### Description of the task
Reply with every entry, repeated exactly as given.

/---

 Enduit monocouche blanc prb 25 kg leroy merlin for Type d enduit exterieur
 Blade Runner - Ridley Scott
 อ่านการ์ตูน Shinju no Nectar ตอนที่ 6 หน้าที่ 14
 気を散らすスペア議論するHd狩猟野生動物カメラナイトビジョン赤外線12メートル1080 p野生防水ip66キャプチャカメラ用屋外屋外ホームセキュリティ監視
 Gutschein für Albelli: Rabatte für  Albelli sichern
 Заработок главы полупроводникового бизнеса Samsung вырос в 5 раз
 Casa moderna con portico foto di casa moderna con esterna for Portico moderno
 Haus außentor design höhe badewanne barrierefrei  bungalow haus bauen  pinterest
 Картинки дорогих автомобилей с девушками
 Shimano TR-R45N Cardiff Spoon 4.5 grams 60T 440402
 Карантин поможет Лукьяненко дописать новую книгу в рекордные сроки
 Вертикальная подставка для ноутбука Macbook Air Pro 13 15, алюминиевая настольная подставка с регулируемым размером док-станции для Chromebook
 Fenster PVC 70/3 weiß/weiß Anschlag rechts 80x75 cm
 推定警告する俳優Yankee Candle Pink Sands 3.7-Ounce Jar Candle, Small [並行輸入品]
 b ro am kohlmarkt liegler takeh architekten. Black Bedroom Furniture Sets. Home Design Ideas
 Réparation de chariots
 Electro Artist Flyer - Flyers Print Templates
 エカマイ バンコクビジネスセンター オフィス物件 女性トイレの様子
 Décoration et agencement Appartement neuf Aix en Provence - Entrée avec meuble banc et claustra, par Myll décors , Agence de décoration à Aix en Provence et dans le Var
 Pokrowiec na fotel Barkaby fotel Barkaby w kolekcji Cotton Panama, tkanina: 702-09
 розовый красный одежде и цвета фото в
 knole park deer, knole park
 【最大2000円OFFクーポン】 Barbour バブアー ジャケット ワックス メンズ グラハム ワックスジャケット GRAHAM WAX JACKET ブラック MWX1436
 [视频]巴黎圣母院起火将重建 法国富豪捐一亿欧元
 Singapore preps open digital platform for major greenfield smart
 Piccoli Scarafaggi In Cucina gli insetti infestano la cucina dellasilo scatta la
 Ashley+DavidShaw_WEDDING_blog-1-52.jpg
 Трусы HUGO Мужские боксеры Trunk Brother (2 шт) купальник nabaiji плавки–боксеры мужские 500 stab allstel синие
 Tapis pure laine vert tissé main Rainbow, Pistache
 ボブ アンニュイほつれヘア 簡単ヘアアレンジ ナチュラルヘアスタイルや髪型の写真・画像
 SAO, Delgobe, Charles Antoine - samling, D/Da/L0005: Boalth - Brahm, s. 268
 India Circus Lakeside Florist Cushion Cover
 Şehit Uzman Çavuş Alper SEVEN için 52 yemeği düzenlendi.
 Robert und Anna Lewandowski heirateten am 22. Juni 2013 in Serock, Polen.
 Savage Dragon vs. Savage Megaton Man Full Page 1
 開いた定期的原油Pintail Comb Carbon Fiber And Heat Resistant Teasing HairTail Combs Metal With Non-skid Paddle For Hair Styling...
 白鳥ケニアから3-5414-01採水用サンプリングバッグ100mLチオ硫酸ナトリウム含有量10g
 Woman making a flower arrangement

\---

### Answer area
 Enduit monocouche blanc prb 25 kg leroy merlin for Type d enduit exterieur
 Blade Runner - Ridley Scott
 อ่านการ์ตูน Shinju no Nectar ตอนที่ 6 หน้าที่ 14
 気を散らすスペア議論するHd狩猟野生動物カメラナイトビジョン赤外線12メートル1080 p野生防水ip66キャプチャカメラ用屋外屋外ホームセキュリティ監視
 Gutschein für Albelli: Rabatte für  Albelli sichern
 Заработок главы полупроводникового бизнеса Samsung вырос в 5 раз
 Casa moderna con portico foto di casa moderna con esterna for Portico moderno
 Haus außentor design höhe badewanne barrierefrei  bungalow haus bauen  pinterest
 Картинки дорогих автомобилей с девушками
 Shimano TR-R45N Cardiff Spoon 4.5 grams 60T 440402
 Карантин поможет Лукьяненко дописать новую книгу в рекордные сроки
 Вертикальная подставка для ноутбука Macbook Air Pro 13 15, алюминиевая настольная подставка с регулируемым размером док-станции для Chromebook
 Fenster PVC 70/3 weiß/weiß Anschlag rechts 80x75 cm
 推定警告する俳優Yankee Candle Pink Sands 3.7-Ounce Jar Candle, Small [並行輸入品]
 b ro am kohlmarkt liegler takeh architekten. Black Bedroom Furniture Sets. Home Design Ideas
 Réparation de chariots
 Electro Artist Flyer - Flyers Print Templates
 エカマイ バンコクビジネスセンター オフィス物件 女性トイレの様子
 Décoration et agencement Appartement neuf Aix en Provence - Entrée avec meuble banc et claustra, par Myll décors , Agence de décoration à Aix en Provence et dans le Var
 Pokrowiec na fotel Barkaby fotel Barkaby w kolekcji Cotton Panama, tkanina: 702-09
 розовый красный одежде и цвета фото в
 knole park deer, knole park
 【最大2000円OFFクーポン】 Barbour バブアー ジャケット ワックス メンズ グラハム ワックスジャケット GRAHAM WAX JACKET ブラック MWX1436
 [视频]巴黎圣母院起火将重建 法国富豪捐一亿欧元
 Singapore preps open digital platform for major greenfield smart
 Piccoli Scarafaggi In Cucina gli insetti infestano la cucina dellasilo scatta la
 Ashley+DavidShaw_WEDDING_blog-1-52.jpg
 Трусы HUGO Мужские боксеры Trunk Brother (2 шт) купальник nabaiji плавки–боксеры мужские 500 stab allstel синие
 Tapis pure laine vert tissé main Rainbow, Pistache
 ボブ アンニュイほつれヘア 簡単ヘアアレンジ ナチュラルヘアスタイルや髪型の写真・画像
 SAO, Delgobe, Charles Antoine - samling, D/Da/L0005: Boalth - Brahm, s. 268
 India Circus Lakeside Florist Cushion Cover
 Şehit Uzman Çavuş Alper SEVEN için 52 yemeği düzenlendi.
 Robert und Anna Lewandowski heirateten am 22. Juni 2013 in Serock, Polen.
 Savage Dragon vs. Savage Megaton Man Full Page 1
 開いた定期的原油Pintail Comb Carbon Fiber And Heat Resistant Teasing HairTail Combs Metal With Non-skid Paddle For Hair Styling...
 白鳥ケニアから3-5414-01採水用サンプリングバッグ100mLチオ硫酸ナトリウム含有量10g
 Woman making a flower arrangement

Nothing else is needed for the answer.